Yeah; read my various previous dissertations on that topic.  
/non-modular DEC C feature logical name morass/ or some permutation 
should get you fairly close.
In simplest terms, it's the storing-key-value-data-in-logical-names 
design, but yet more problematic due to how the settings can hang 
around and derail subsequent (and potentially unrelated) image 
activations.

> 
> I used logical names because I want to use them in generalized file-
> specs, so to speak. Used it for years and it never caused a problem.
> You'll say I was lucky. Perhaps.
> 
> So what _can_ we use logical names for?

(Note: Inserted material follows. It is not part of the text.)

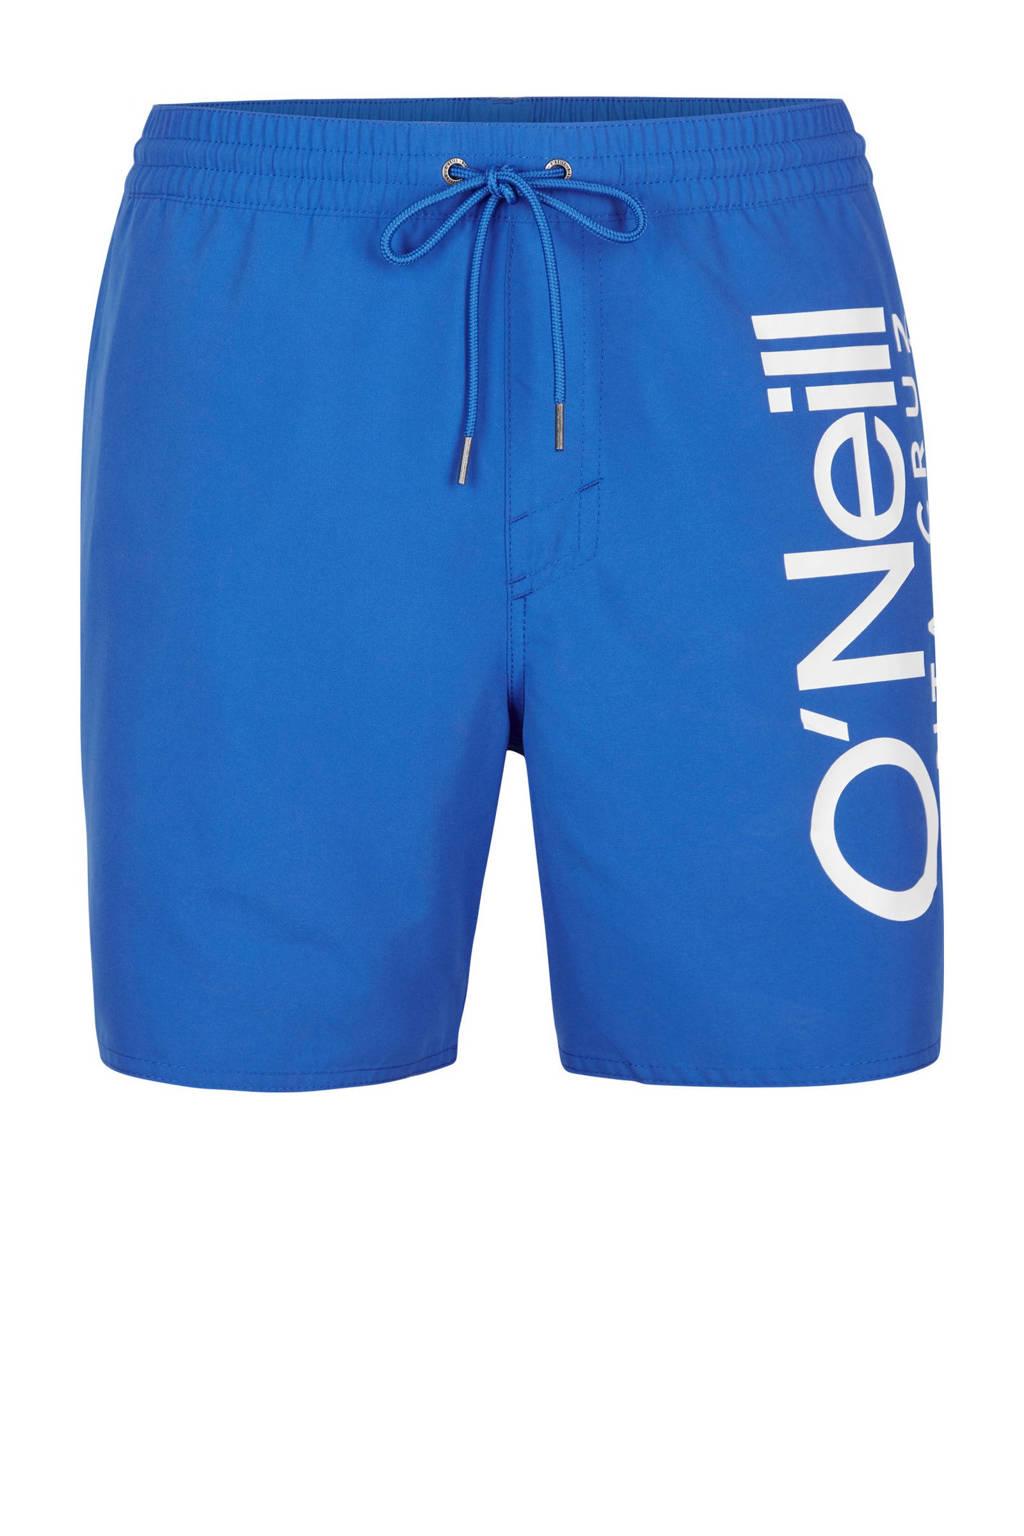 O'Neill zwemshort Cali blauw, Blauw

Logical names work pretty well for their intended purpose, which itself 
was a bit of a kludge meant to help how OpenVMS referenced its files 
and directories; how the physical device specifications were inherently 
visible within the design, and how that caused problems when the device 
names changed.  Logical names helped avoid that.  An elegant kludge, as 
it was.

As I stated before:

> 
>> Logical names get abused far too often, largely because DCL lacks any
>> sort of a generic preferences storage and retrieval mechanism, or an
>> integrated key-value mechanism short of using (for instance) an RMS
>> indexed file.
>> 
>> This design inevitiably reminds me of using punch cards to store this
>> data.  Sure, that works.  It's even superior to using logical names in
>> a way.  But it's really ugly, it's a whole lot of work for what you
>> get, and it's quite easy to make mistakes, and upgrades and cleanups
>> can be a problem.  Unlike a deck of punch cards, logical names don't
>> have a way to read the whole wad of keys and values — data — and see
>> what's there, too.

Working with a key-value store — Python, perl, most any compiled 
language — really shows the weaknesses of DCL and the available tools.  
bash would be somewhat of a pain in the rump here, though awk

For an overview of what a key-value store is, see associative arrays 
<http://en.wikipedia.org/wiki/Associative_array>.  At its core, this 
also gets back to the hackery that is the "array support" in DCL.  The 
easiest way to implement that (in DCL) being something like an indexed 
file, or using ampersand substitution.  DCL is good at chaining 
together invocations, but far from effective as a generic 
text-processing tool, and it's not good at storing and retrieving data 
through a means other than logical names or symbols, both of which have 
limits.  Python, Perl and Lua can do much better here.  bash — which 
lacks key-value support in most any version I've worked with — does 
better than DCL with its (limited) array support.  Compiled languages, 
too, can store data.  (Though that's also often a whole lot of work in 
the older versions and older languages found on VMS.)

Basically, logical names usually end in pain when applied at scale, or 
when subject to collisions, and for the sorts of corner-cases that can 
arise around tool upgrades and tool failures.